The approach that worked for me is to listen to the port provided by CF with an HTTP server and then attach Websocket server (websocket.io in my example below) to it. I've created sample echo server that works both locally and in the CF. The content of my Node.js file named example.js is
var host = process.env.VCAP_APP_HOST || "localhost";
var port = process.env.VCAP_APP_PORT || 1245;
var webServerApp = require("http").createServer(webServerHandler);
var websocket = require("websocket.io");
var http = webServerApp.listen(port, host);
var webSocketServer = websocket.attach(http);
function webServerHandler (req, res) {
res.writeHead(200);
res.end("Node.js websockets.");
}
console.log("Web server running at " + host + ":" + port);
//Web Socket part
webSocketServer.on("connection", function (socket) {
console.log("Connection established.");
socket.send("Hi from webSocketServer on connect");
socket.on("message", function (message) {
console.log("Message to echo: " + message);
//Echo back
socket.send(message);
});
socket.on("error", function(error){
console.log("Error: " + error);
});
socket.on("close", function () { console.log("Connection closed."); });
});
The dependency lib websocket.io could be installed running npm install websocket.io command in the same directory. Also there is a manifest.yml file which describes CF deploy arguments:
---
applications:
- name: websocket
command: node example.js
memory: 128M
instances: 1
host: websocket
domain: vcap.me
path: .
So, running cf push from this directory deployed app to my local CFv2 instance (set up with the help of cf_nise_installer)

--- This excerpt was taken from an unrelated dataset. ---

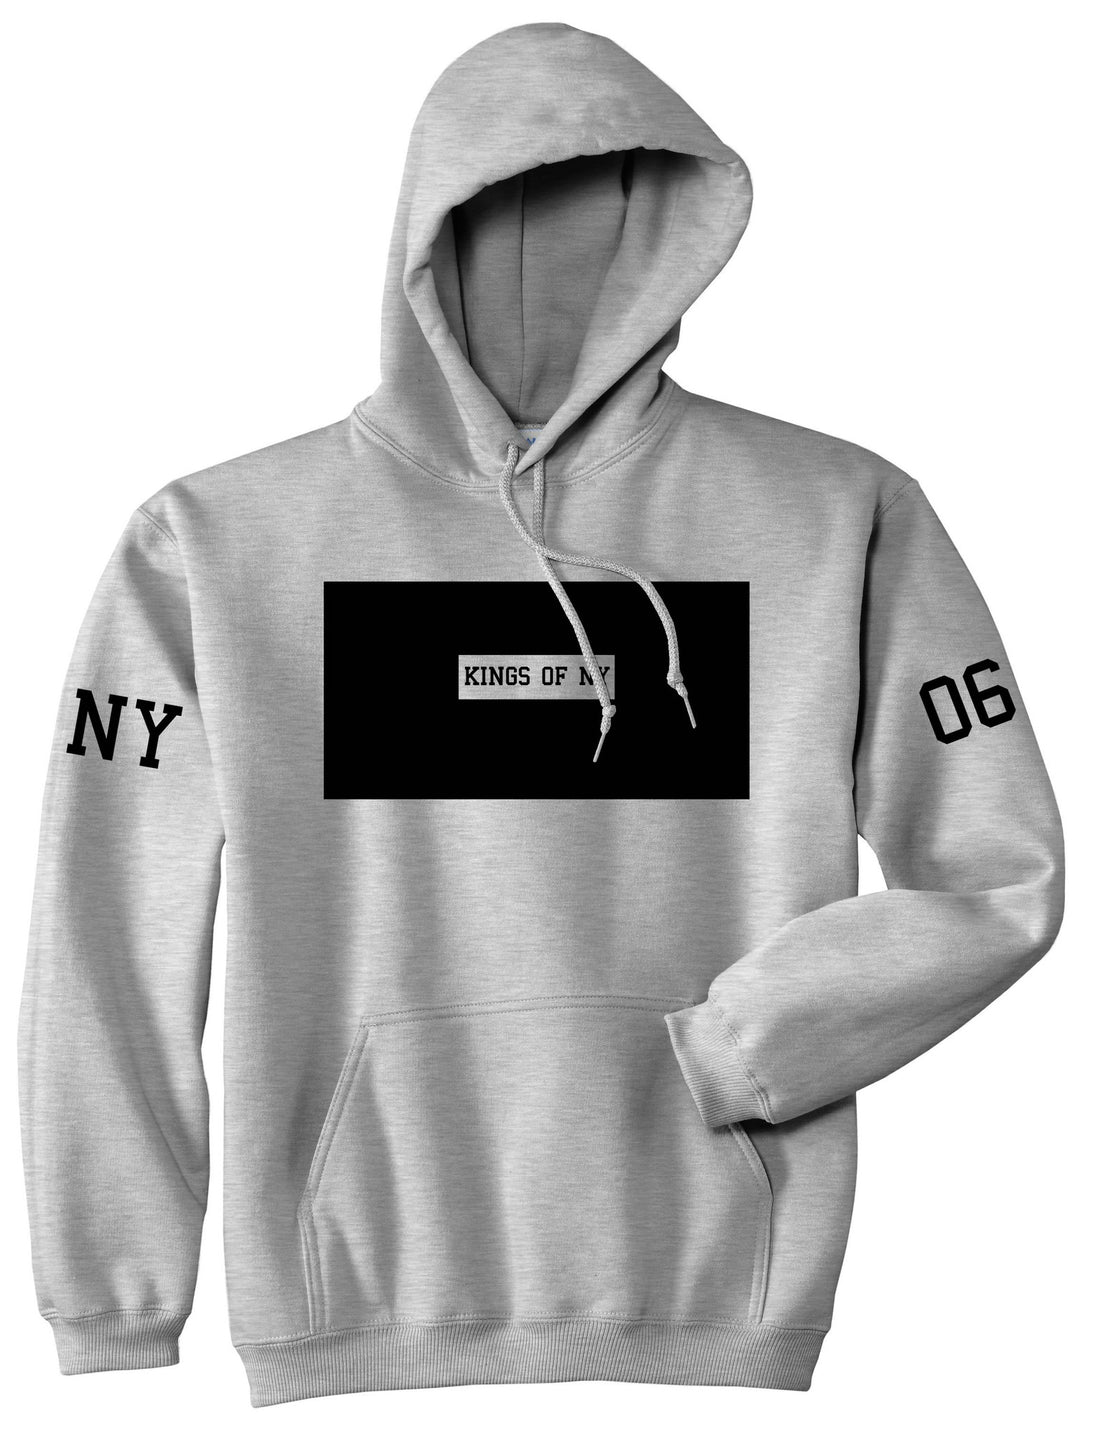 New York Logo 2006 Style Trill Pullover Hoodie Hoody In Grey by Kings Of NY

To test this echo websocket server, I used simple index.html file, which connects to server and sends messages (everything is logged into the console):
<!DOCTYPE html>
<head>
<script>
var socket = null;
var pingData = 1;
var prefix = "ws://";
function connect(){
socket = new WebSocket(prefix + document.getElementById("websocket_url").value);
socket.onopen = function() {
console.log("Connection established");
};
socket.onclose = function(event) {
if (event.wasClean) {
console.log("Connection closed clean");
} else {
console.log("Connection aborted (e.g. server process killed)");
}
console.log("Code: " + event.code + " reason: " + event.reason);
};
socket.onmessage = function(event) {
console.log("Data received: " + event.data);
};
socket.onerror = function(error) {
console.log("Error: " + error.message);
};
}
function ping(){
if( !socket || (socket.readyState != WebSocket.OPEN)){
console.log("Websocket connection not establihed");
return;
}
socket.send(pingData++);
}
</script>
</head>
<body>
ws://<input id="websocket_url">
<button onclick="connect()">connect</button>
<button onclick="ping()">ping</button>
</body>
</html>
Only thing to do left is to enter server address into the textbox of the Index page (websocket.vcap.me in my case), press Connect button and we have working Websocket connection over TCP which could be tested by sending Ping and receiving echo. That worked well in Chrome, however there were some issues with IE 10 and Firefox.
What about "TRUE" TCP socket, there is no exact info: according to the last paragraph here you cannot use any port except 80 and 443 (HTTP and HTTPS) to communicate with your app from outside of Cloud Foundry, which makes me think TCP socket cannot be implemented. However, according to this answer, you can actually use any other port... It seems that some deep investigation on this question is required...
"Cloud Foundry uses an L7 router (ngnix) between clients and apps. The router needs to parse HTTP before it can route requests to apps. This approach does not work for non-HTTP protocols like WebSockets. Folks running node.js are going to run into this issue but there are no easy fixes in the current architecture of Cloud Foundry."
- http://www.subbu.org/blog/2012/03/my-gripes-with-cloud-foundry
I decided to go with pubnub for all my messaging needs.